Search code examples
pythonnumpymemorysparse-matrix

How to efficiently create a CSR row_index vector in python?


I am trying to create a CSR matrix with m rows, n columns, filled with zeroes and ones (at most one per column). I have a numpy array idcs with indices where my 1s are located, ranging from x to n.

My first approach to create the ROW_INDEX vector was something like :

ROW_INDEX=np.zeros(m+1)
for i in idcs: ROW_INDEX[i+1:]+=1

Unsurprinsingly though, this is rather slow. I then tried the good old space for speed swap :

ROW_INDEX=np.fromfunction(lambda i,j: i>idcs[j],(m+1,n),dtype='uintc')
ROW_INDEX=np.sum(ROW_INDEX,1)

However, m and n both are at 10^5 so the above code raises a MemoryError - even though the large matrix is technically only boolean.

I feel like I missed something obvious here.
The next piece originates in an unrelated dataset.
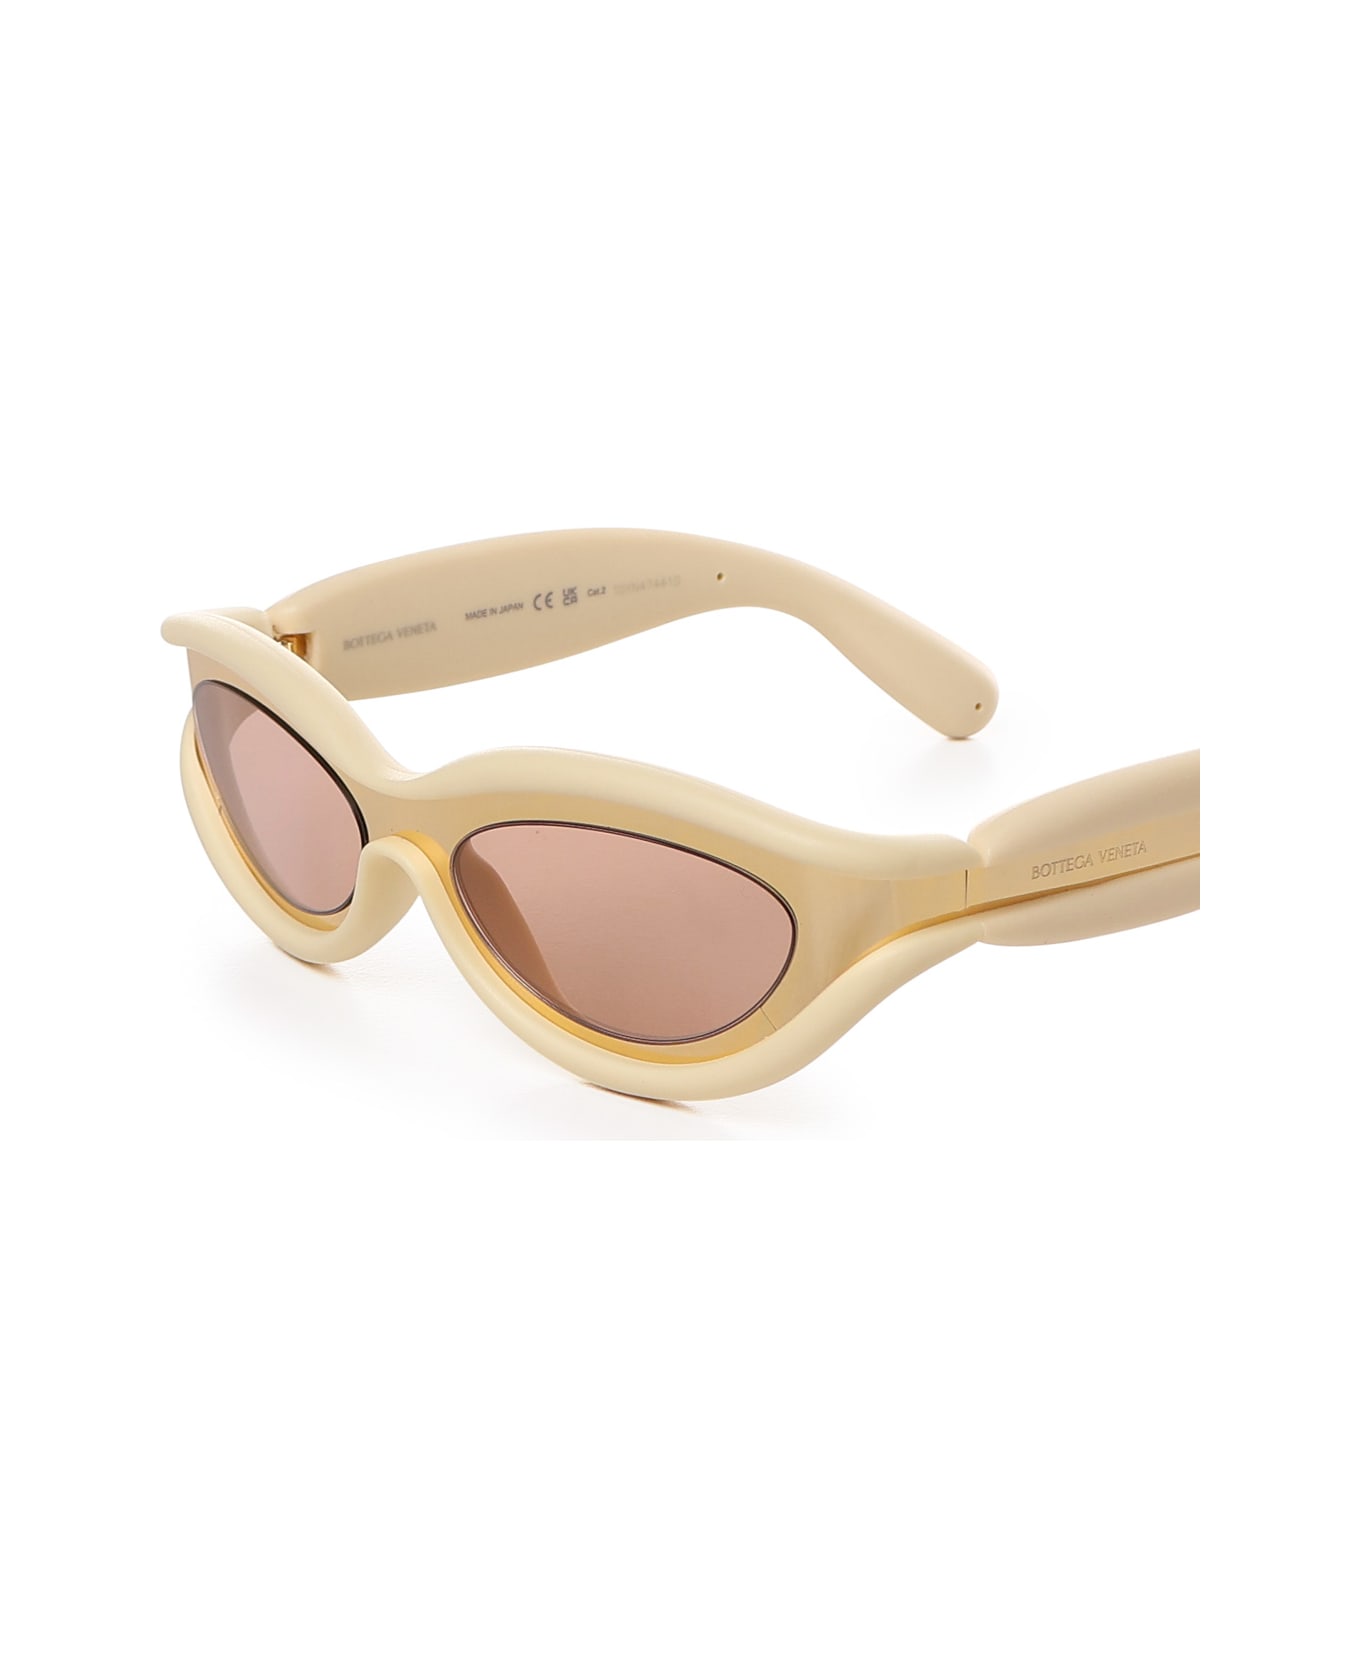 Bottega Veneta Eyewear Hem Sunglasses - GOLD-GOLD-BROWN

Anyone has a smarter solution, or should I just increase memory ?

End purpose is to create a PETSc.Mat, hopefully in parallel, starting from something like B=petsc4py.Mat().createAIJ([m, n],csr=[ROW_INDEX,COL_INDEX,V]). I've found little documentation on the subject, any help on that front would also be welcome.


Solution

  • I think you're looking for something like this?

    ROW_INDEX=np.zeros(m+1)
    np.add.at(ROW_INDEX, idcs+1, 1)
    np.cumsum(ROW_INDEX, out=ROW_INDEX)